18:11 The Lord used the same word for about to bring harm to you that he had used for “potter,” or “one forming [harm] against you.” The word choice was deliberate so Judah would grasp the connection.
galah
Hebrew pronunciation | [gah LAH] |
CSB translation | uncover, exile |
Uses in Jeremiah | 27 |
Uses in the OT | 185 |
Focus passage | Jeremiah 18:7,18 |
Galah in several conjugations means remove (Is 22:8). It denotes depart (1Sm 4:21) and especially go into exile (Is 5:13). Galah indicates uncover, and uncovering ears (Jb 33:16) involves instructing (Jb 36:15), informing (1Sm 9:15), or telling (1Sm 20:2). Active participles suggest captives (Am 6:7). Passive participles convey uncovered (Nm 24:4) or distributed (Est 3:14). Causative verbs signify drive out (2Kg 17:11), exile (Am 1:6), or deport (2Kg 15:29). Reflexive-passives include uncover oneself (Gn 9:21) and show off (Pr 18:2). Passive-reflexives mean be exposed (Ex 20:26) or revealed (1Sm 3:7) and reveal oneself (Gn 35:7). Intensive verbs imply expose (Lv 20:18), strip (Is 57:8), strip off (Jb 41:13), flaunt (Ezk 23:18), or betray (Is 16:3). One opens eyes (Nm 22:31) or presents cases (Jr 11:20). “Uncovering nakedness” entails sexual intercourse (Lv 18:6) or violate another’s intimacy (Lv 20:11).

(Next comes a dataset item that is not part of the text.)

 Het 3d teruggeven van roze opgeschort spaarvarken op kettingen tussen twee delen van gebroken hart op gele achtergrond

The intensive passive participle connotes open (Pr 27:5).
18:12 It’s hopeless is also found in 2:25. Jack Lundbom explains, “There is no hope for the nation, not because Yahweh [the Lord] is set in his ways but because the people are set in theirs.” The people’s stubborn hearts are also mentioned in 3:17; 5:23; 7:24; 9:14; 11:8; 13:10; 16:12; 23:17.

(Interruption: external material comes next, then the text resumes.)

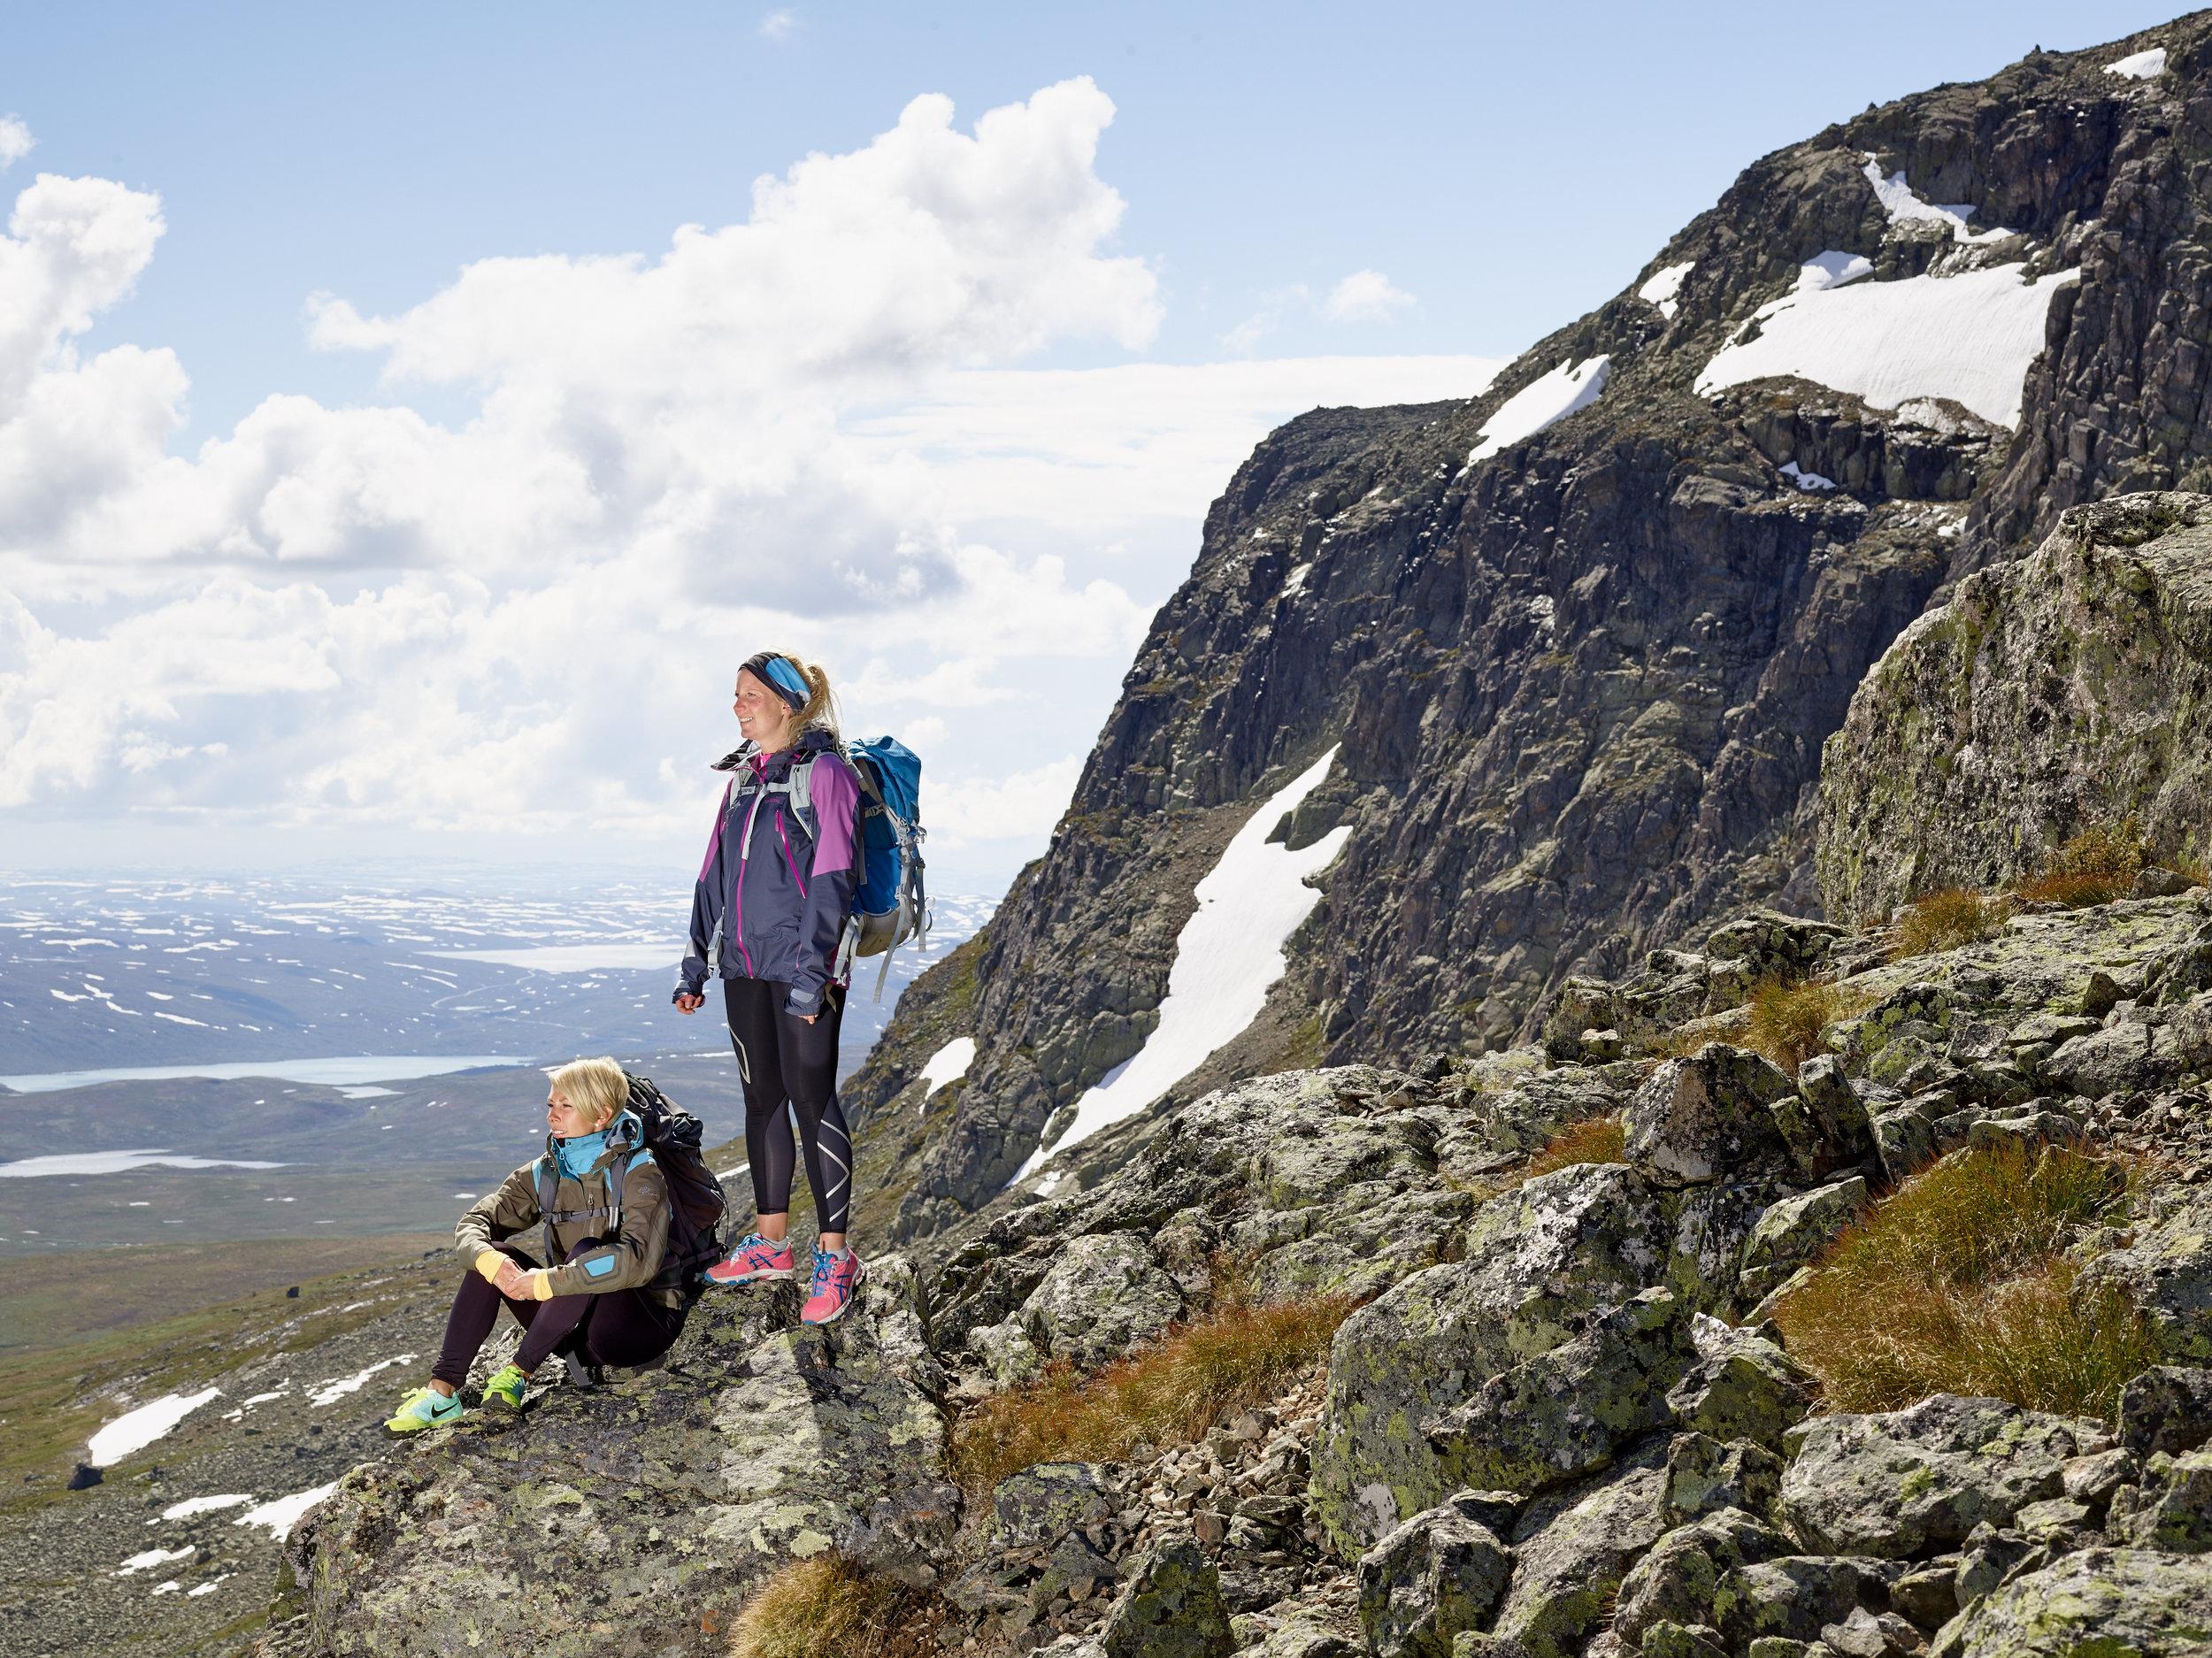 utsikt-hardangervidda-hallingskarvet-nasjonalpark-prestholtstien-vandring-geilo-sommer-emile-holba.jpg

18:13 God called on the nations to verify that Judah had done a most horrible thing by defecting from him. On virgin Israel, see note at 14:17.
18:14 Nature is a lot more dependable and constant than Judah had been.
18:15 Idols make people stumble on the good paths and misdirect them onto bad paths. See 6:16.
18:16 Judah had become a land of horror and an object of scorn, or of “hissing” or “whistling.” This was the ultimate expression in the Near Eastern “loss of face.” People would make a hissing sound at a guilty person and shake their heads in scorn and disbelief.
18:17 The east wind was the hot wind or sirocco from the desert (4:11; 13:24; Hs 13:15), the same direction from which Babylon would come. Instead of the Aaronic benediction of Nm 6:24-26 with the Lord smiling on Judah, he had turned his back—a universal symbol of rejection (Hs 5:15).
18:18 The people foolishly believed that divine revelations would continue and life would go on as usual despite Jeremiah’s gloomy predictions.
18:19-23 This is another of Jeremiah’s “confessions” (see note at 4:19-22). His accusers said, “Come, let’s denounce him” (18:18), or literally, “Let us smite him with the tongue.” Jeremiah charged his opponents with the following: (1) paying “no attention to all his words” (v. 18), (2) digging a pit for him (vv. 20,22), (3) hiding snares for his feet (v. 22), and (4) planning to kill him (v. 23).